** Raw data **

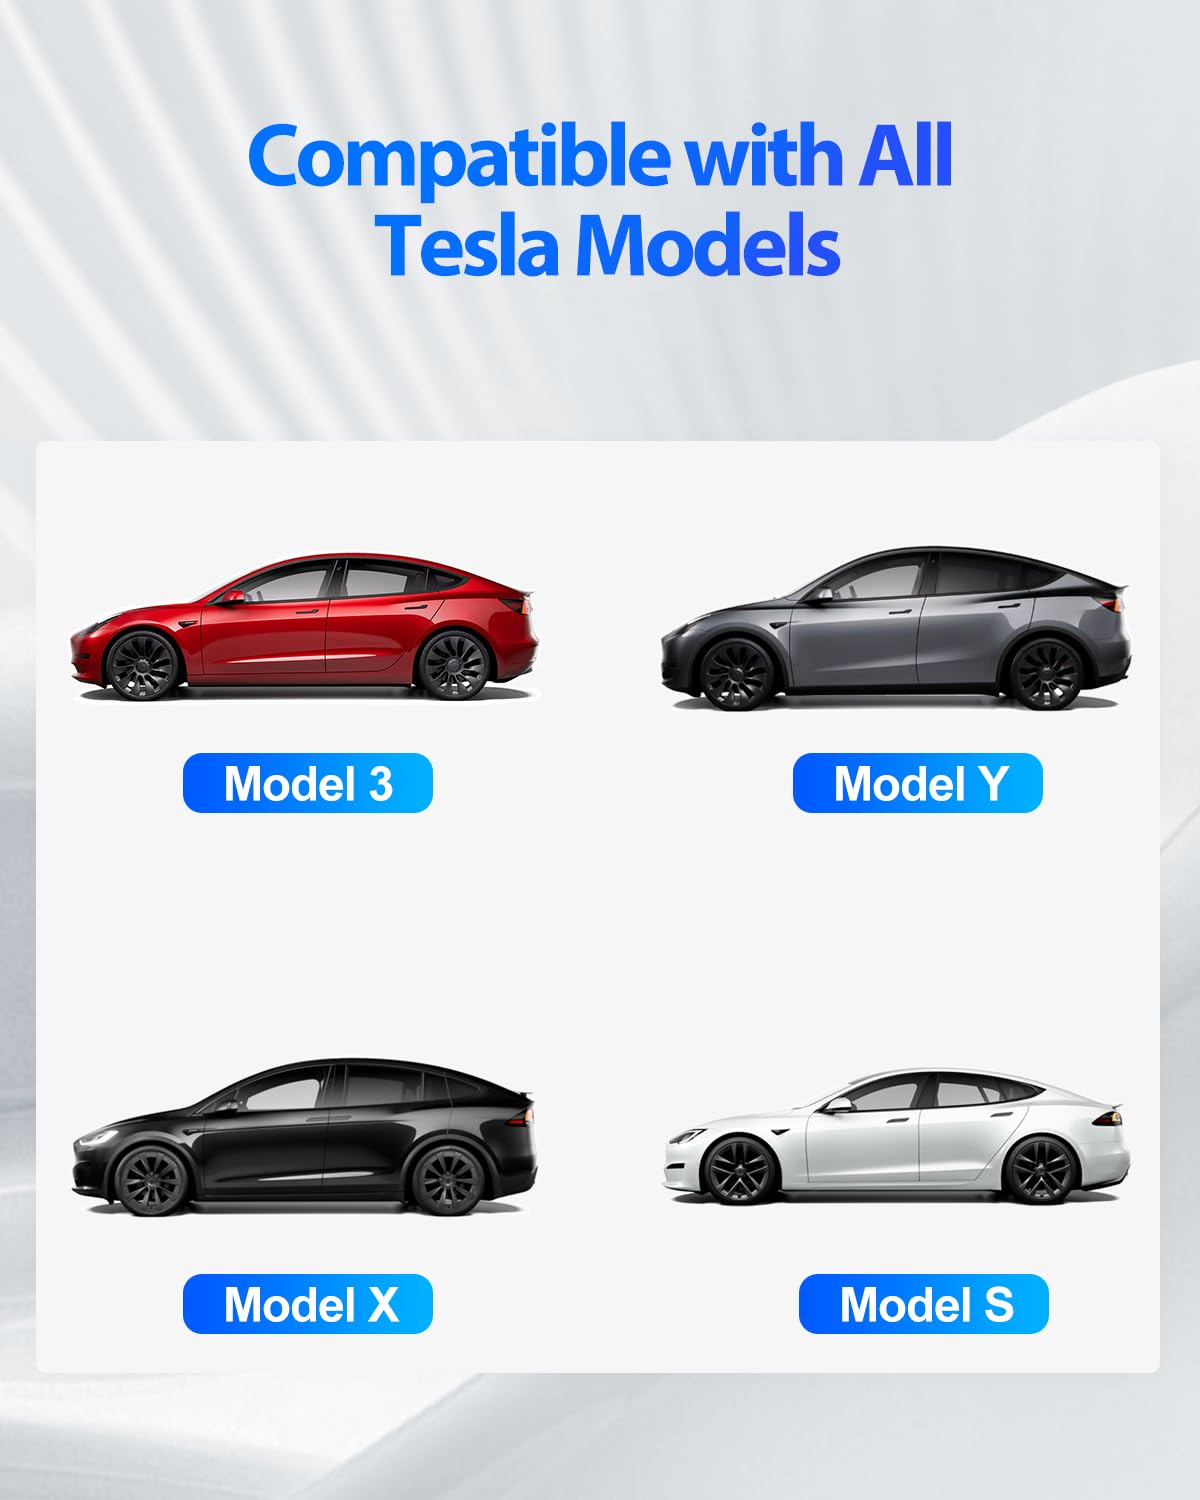 Comatible with all tesla models
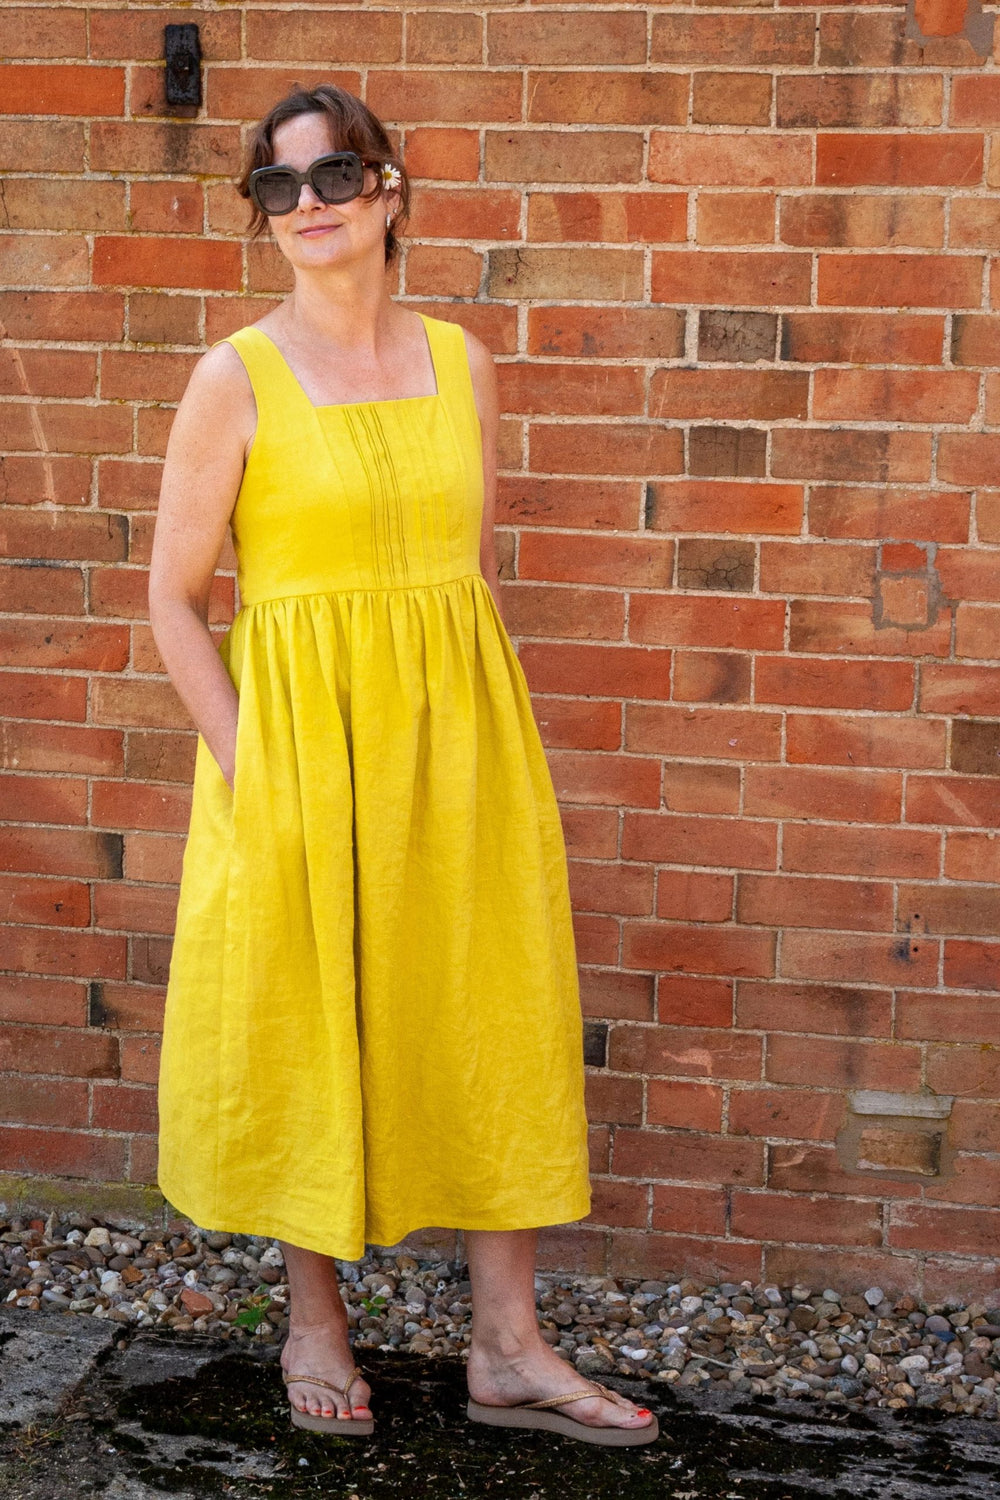 Woman wearing the Lavinia Dress sewing pattern from Sew Me Something on The Fold Line. A sleeveless dress pattern made in linen, viscose rayon, double gauze, cotton lawn or broderie anglaise fabrics, featuring a square neckline, shirred back with ties, br
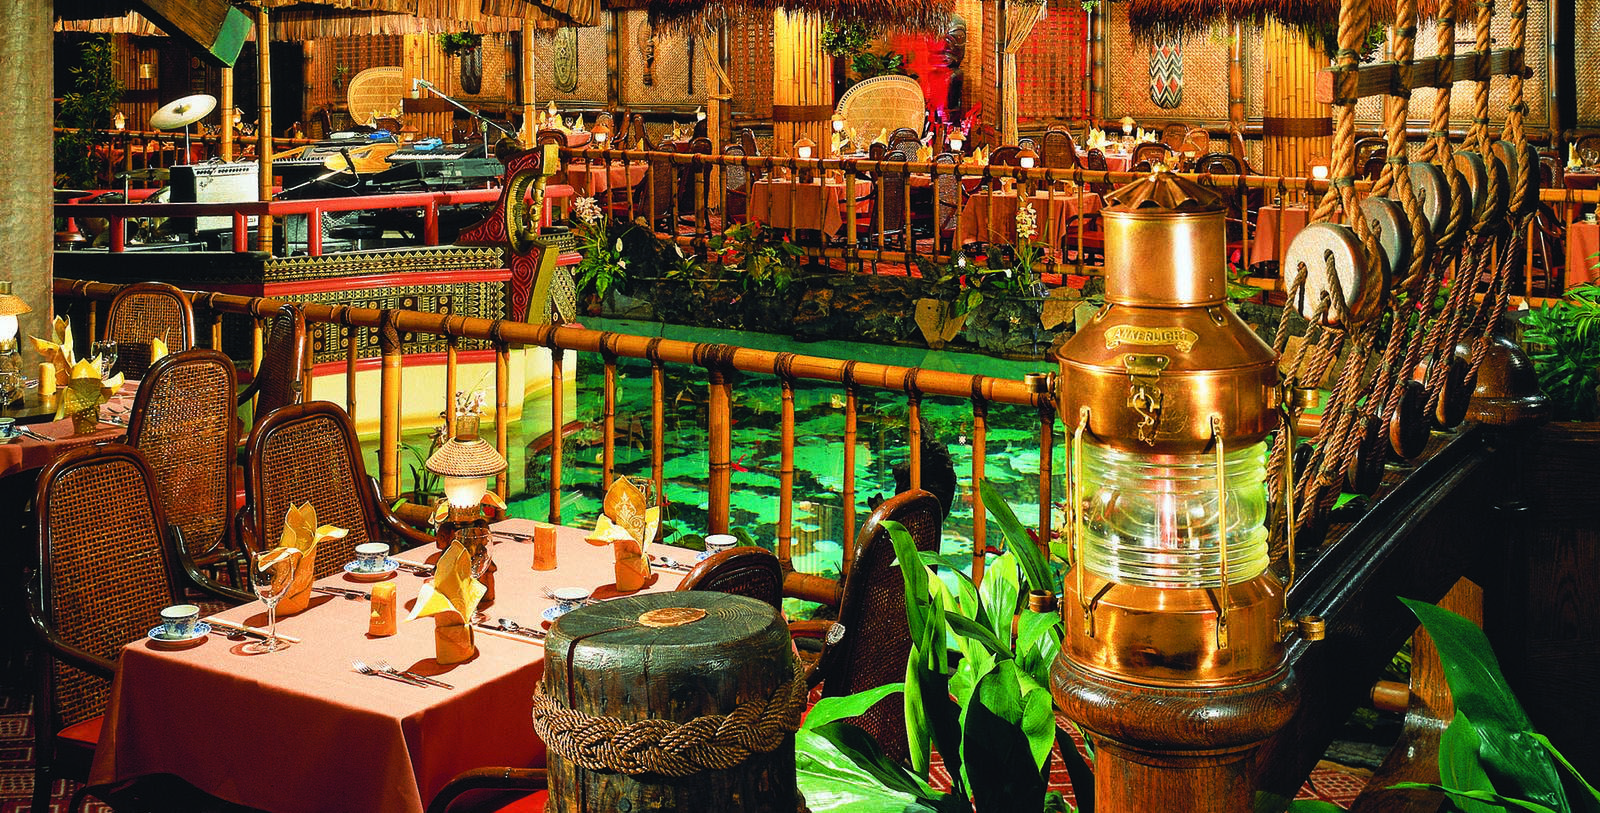 Taste Polynesian-fusion, family-style cuisine in the unique tropical setting of the hotel’s Tonga Room & Hurricane Bar, the longest continually operating Tiki venue in North America.
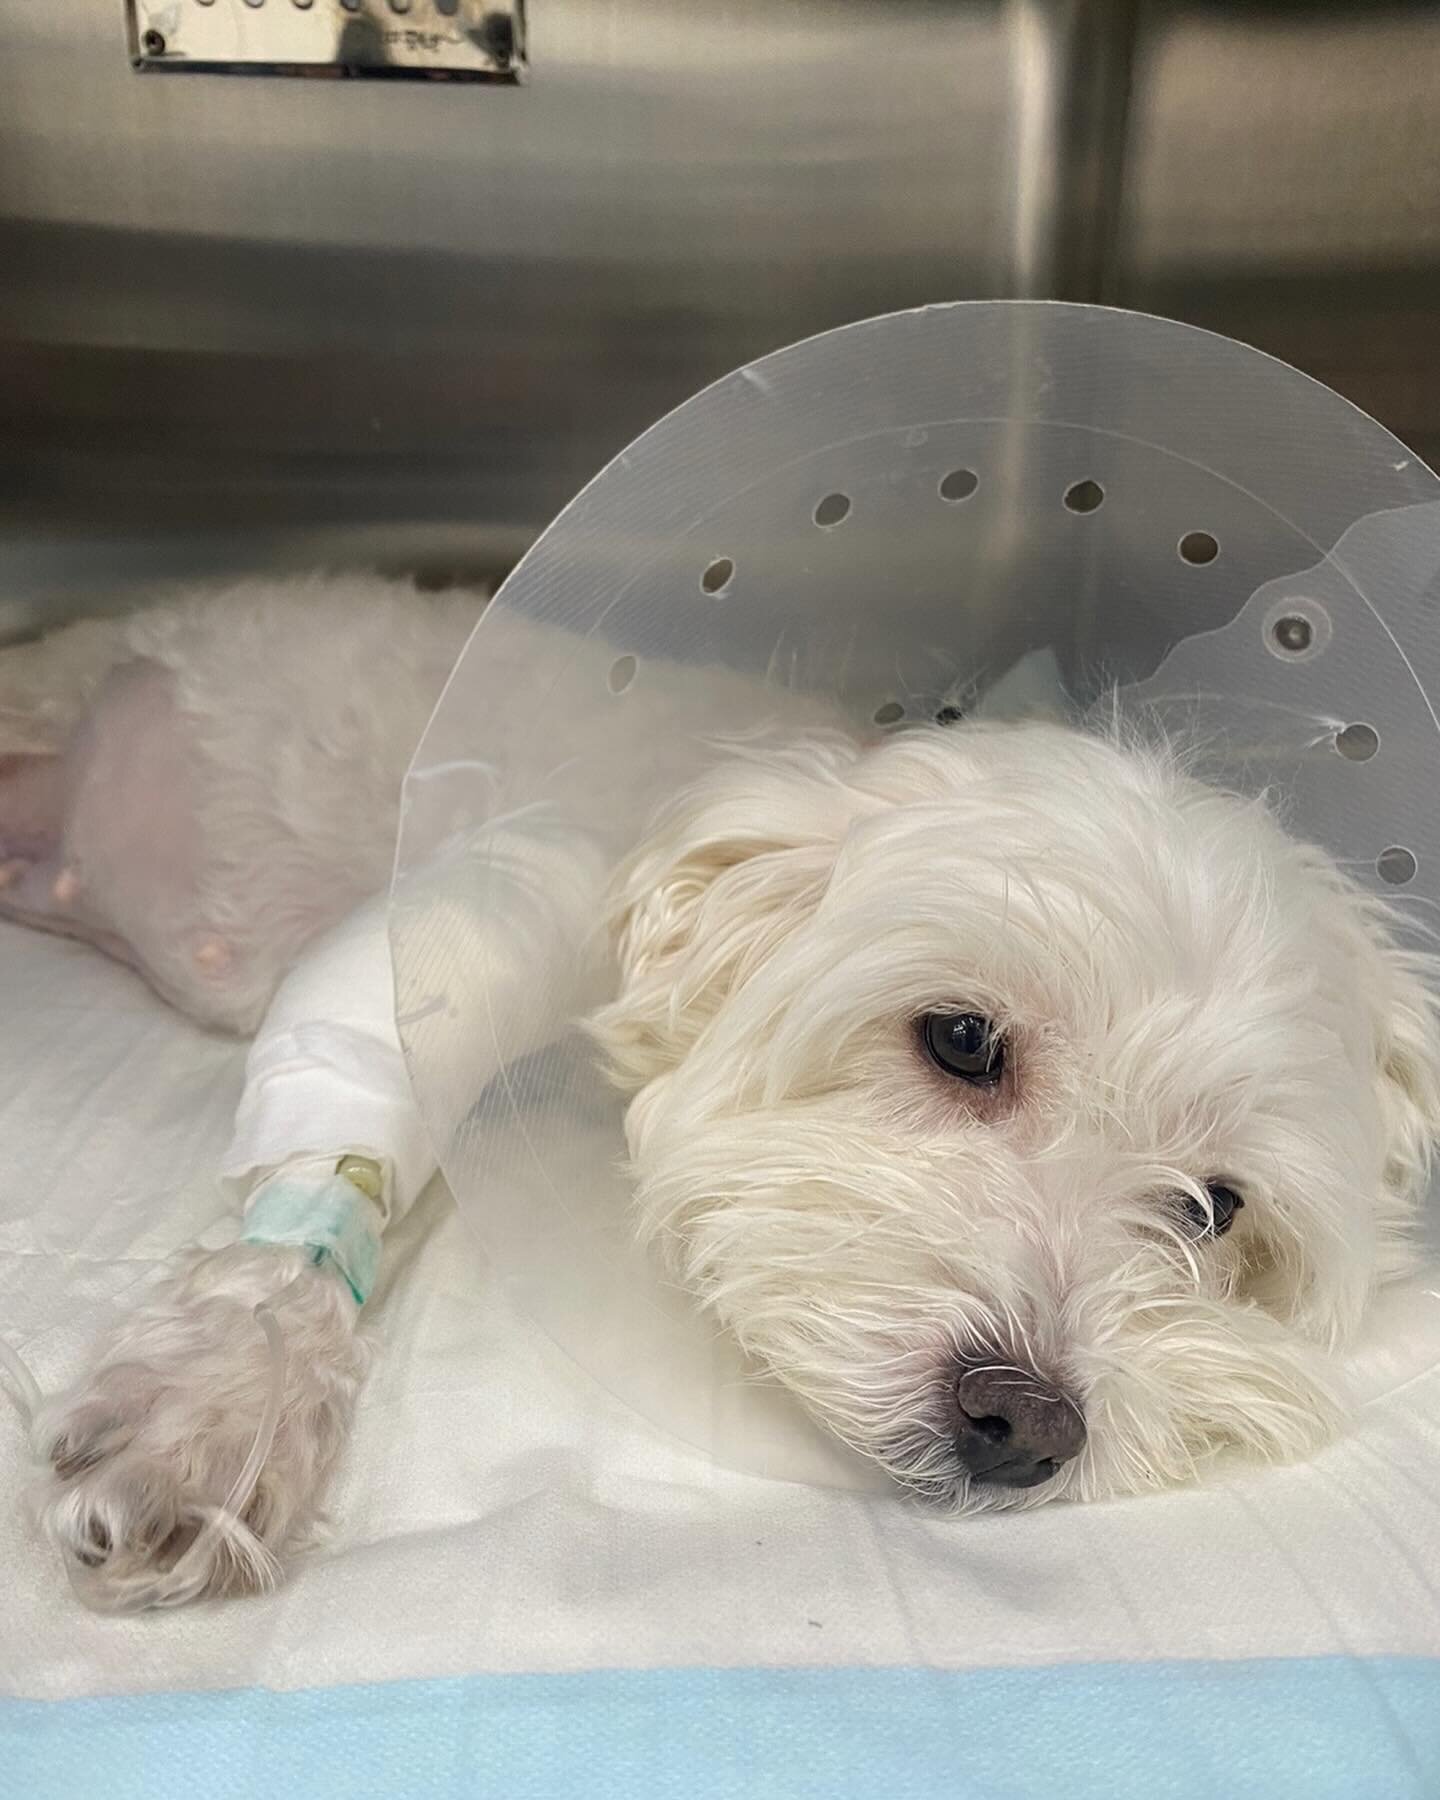 Following our recent update, we urgently rushed Amy @joeyandbailey_amy to the hospital, where she has been diagnosed with Pyometra, a severe and potentially fatal uterine infection characterized by the accumulation of pus and bacteria. Unfortunately,

** Exercise **
Could each line of the data be written out exactly, with no pictures included?

** Exercise solution **
 Comatible with all tesla models
 Woman wearing the Lavinia Dress sewing pattern from Sew Me Something on The Fold Line. A sleeveless dress pattern made in linen, viscose rayon, double gauze, cotton lawn or broderie anglaise fabrics, featuring a square neckline, shirred back with ties, br
 Taste Polynesian-fusion, family-style cuisine in the unique tropical setting of the hotel’s Tonga Room & Hurricane Bar, the longest continually operating Tiki venue in North America.
 Following our recent update, we urgently rushed Amy @joeyandbailey_amy to the hospital, where she has been diagnosed with Pyometra, a severe and potentially fatal uterine infection characterized by the accumulation of pus and bacteria. Unfortunately,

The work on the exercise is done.